Analysis Type: Numerical grid deformation Benchmark

this benchmark has been published by NAFEMS, it has not yet been implemented/tested using Feel++

1. Introduction

CFD simulations often require moving boundaries either to model the prescribed motion of the structural elements (e.g. closure of a valve) or the direct response of the body to the fluid motion (e.g. a cylinder in cross-flow). When the so-called body fitted numerical meshes and underlying models are used, the numerical grid has to follow such boundary motion. This requires the numerical grid to deform without losing the ability to discretize the fluid flow equations and to reach a converging solution.

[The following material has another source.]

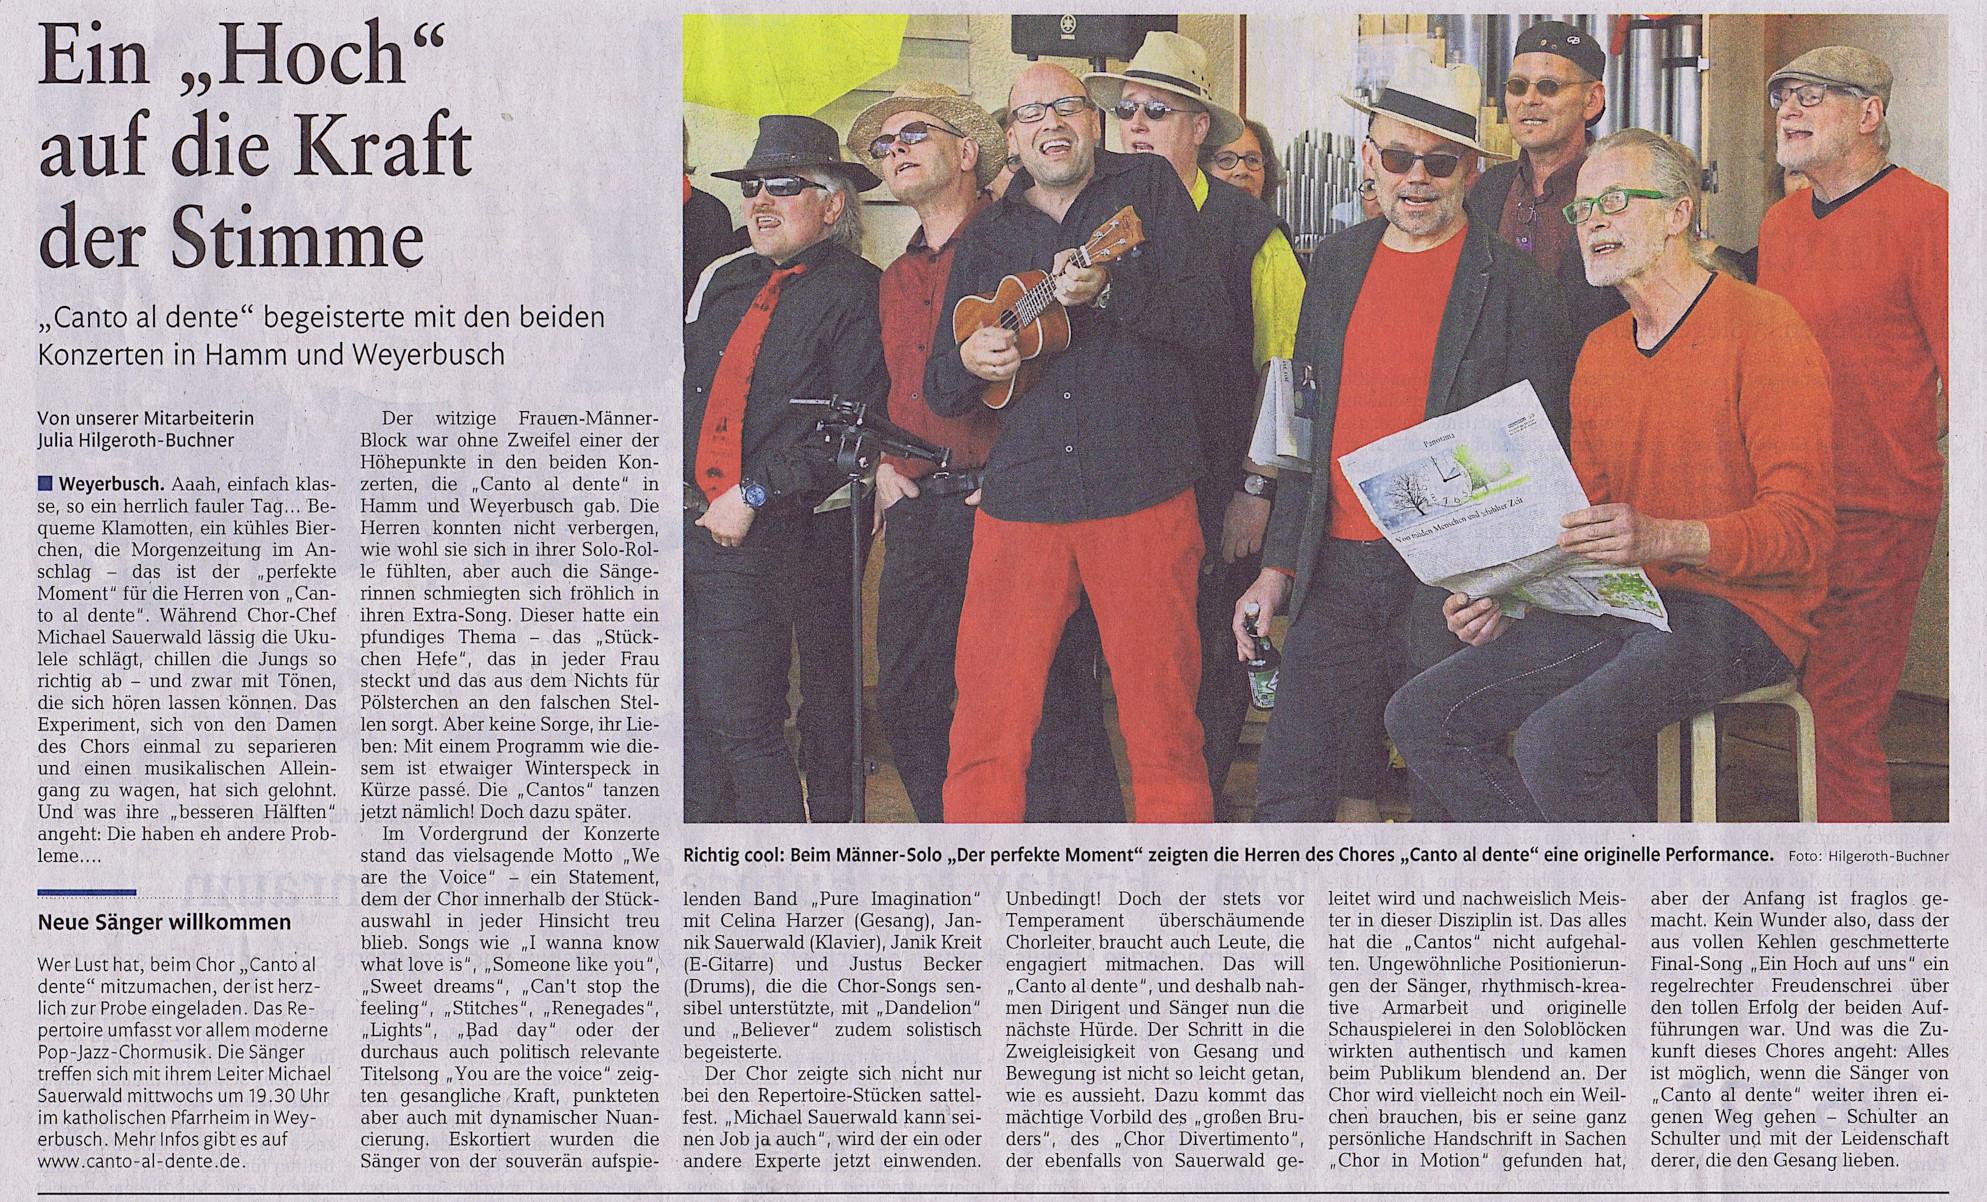 mit freundlicher Genehmigung der Rhein-Zeitung, Ausgabe H, vom 02.04.2019, Seite 17

The quality of the numerical grid is often judged by the size and distribution of the control volume angles. If any element angle becomes too small or even negative, the numerical simulation will fail. Although the numerical grid deformation may decrease the minimum size of the control volume angle, any periodic deformations shall not lead to its permanent reduction.

2. Objectives

Test the grid deformation capability by examining the extent of permanent element deformation due to periodic boundary displacements. Minimal face angle of all control volumes in the simulation domain can be used to characterize performance of the grid deformation algorithm.

3. Geometry

  • Cylinder diameter \(\left(2 \mathrm{R}_{1}\right)\) is \(0.2 \mathrm{m}\)

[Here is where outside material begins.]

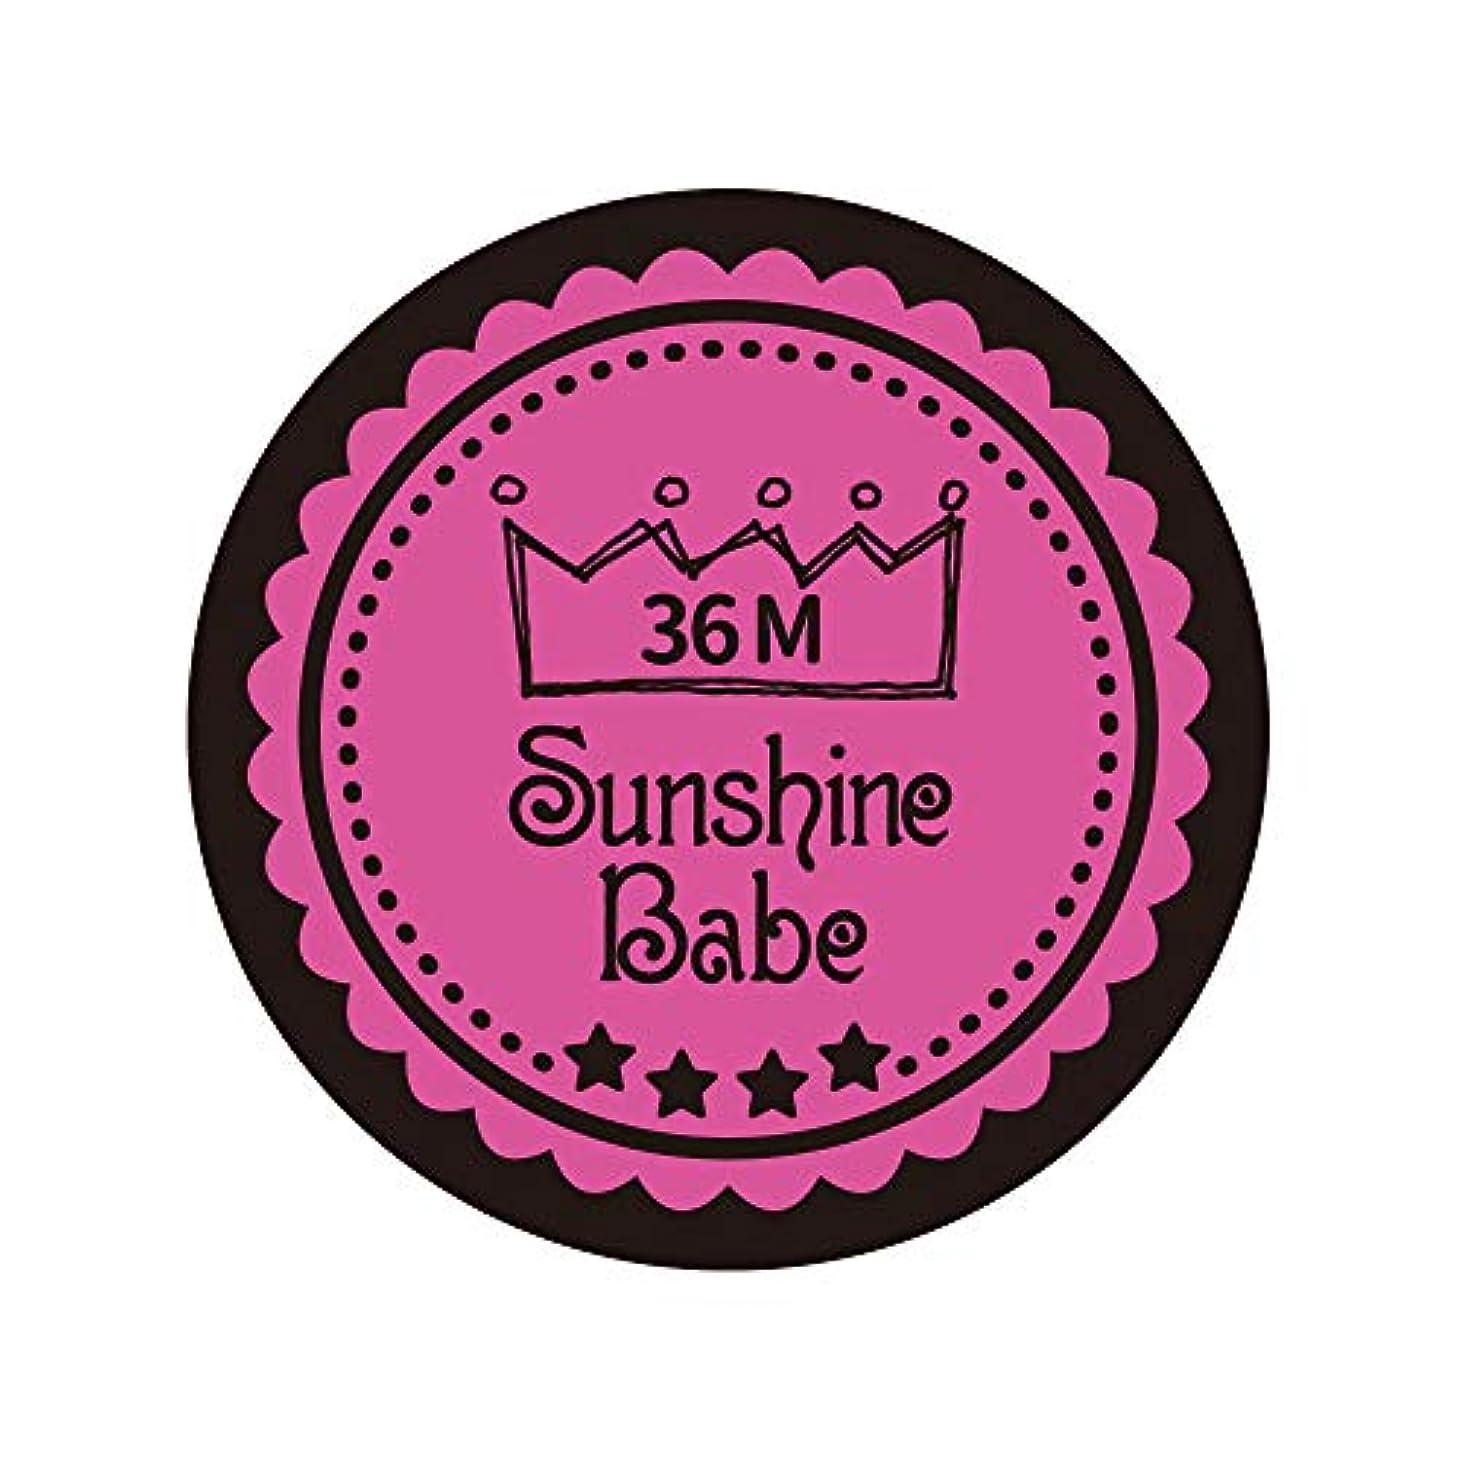 幾分アプローチ動作Sunshine Babe カラージェル 36M クロッカスピンク 2.7g UV/LED対応

  • Domain length \((\mathrm{H} 4+\mathrm{H} 5)\) and width \((\mathrm{V} 2+\mathrm{V} 3)\) are \(1.6 \mathrm{m}\)

  • Domain height is \(0.2 \mathrm{m}\).

4. Case Definition

Sinusoidal oscillations in the y-direction are forced by prescribing a displacement function \(\Delta y=A_{y} \sin (2 \pi f t)\) to the cylinder where:

  • \(A_{y}\) is the displacement amplitude set to \(0.2 \mathrm{m}\)

  • \(\cdot f\) is the forced oscillation frequency set to \(20 \mathrm{Hz}\) (the oscillation frequency does not influence the grid deformation although it determines the size of the integration timestep):

  • \(t\) is time.

5. Fluid Properties

Not applicable; the test scenario is limited to the grid deformation capability of the simulation algorithm.

6. Initial Conditions

  • Zero displacement \((\Delta y=0)\) of the cylinder walls.

7. Boundary Conditions

  • Zero displacement \((\Delta x=0, \Delta y=0)\) for the external domain boundaries at \(\mathrm{x}_{\min }, \mathrm{x}_{\max }, \mathrm{y}_{\min }\) and \(\mathrm{y}_{\max }\)

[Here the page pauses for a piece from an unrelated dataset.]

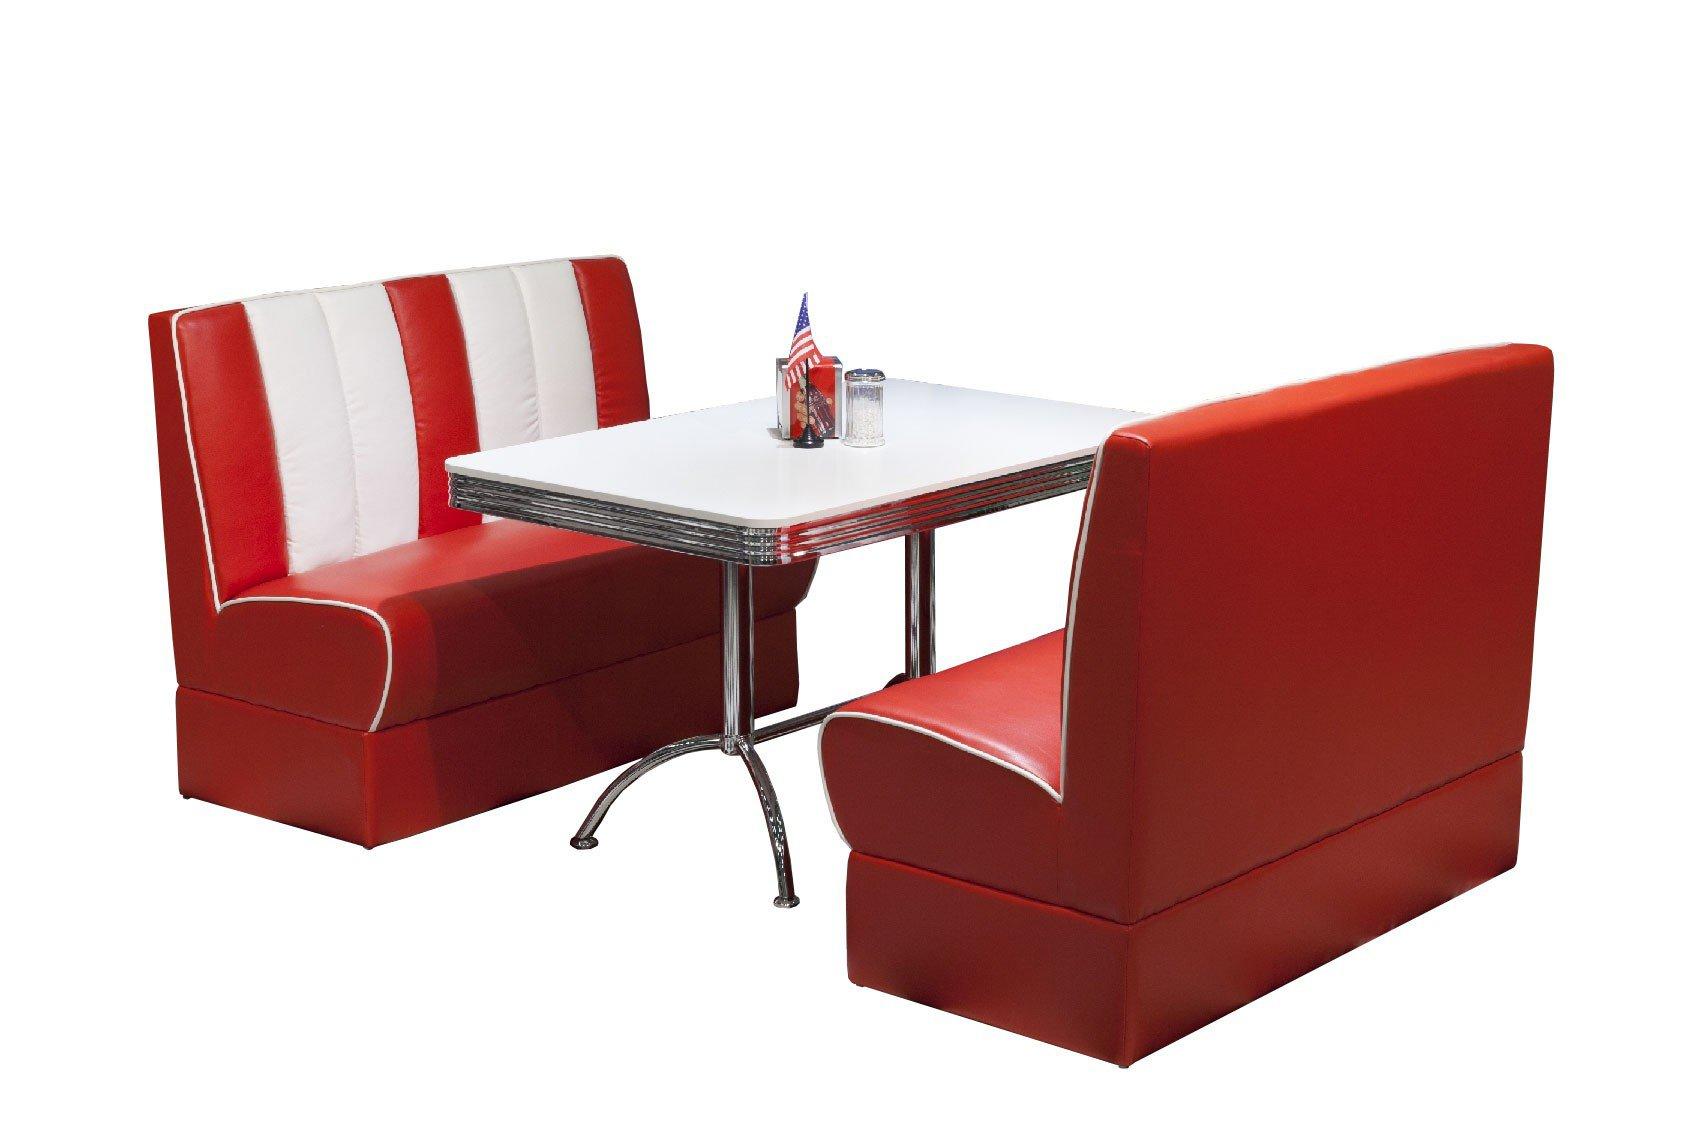 American Diner Esszimmer in RotWei von Top Form  Mbel

  • Prescribed grid displacement \(\left(\Delta x=0, \Delta y=A_{y} \sin (2 \pi f t)\right)\) for the cylinder walls; Symmetry or equivalent conditions for any motion in the z-direction.

8. Output

Investigate the minimum face angle using:

  • Diagram of the minimum face angle as a function of the simulated time

  • Diagram of the minimum face angle as a function of the displacement;

  • Minimum face angle change per period. In general, the smaller the change of the minimum angle, the better the gi deformation algorithm.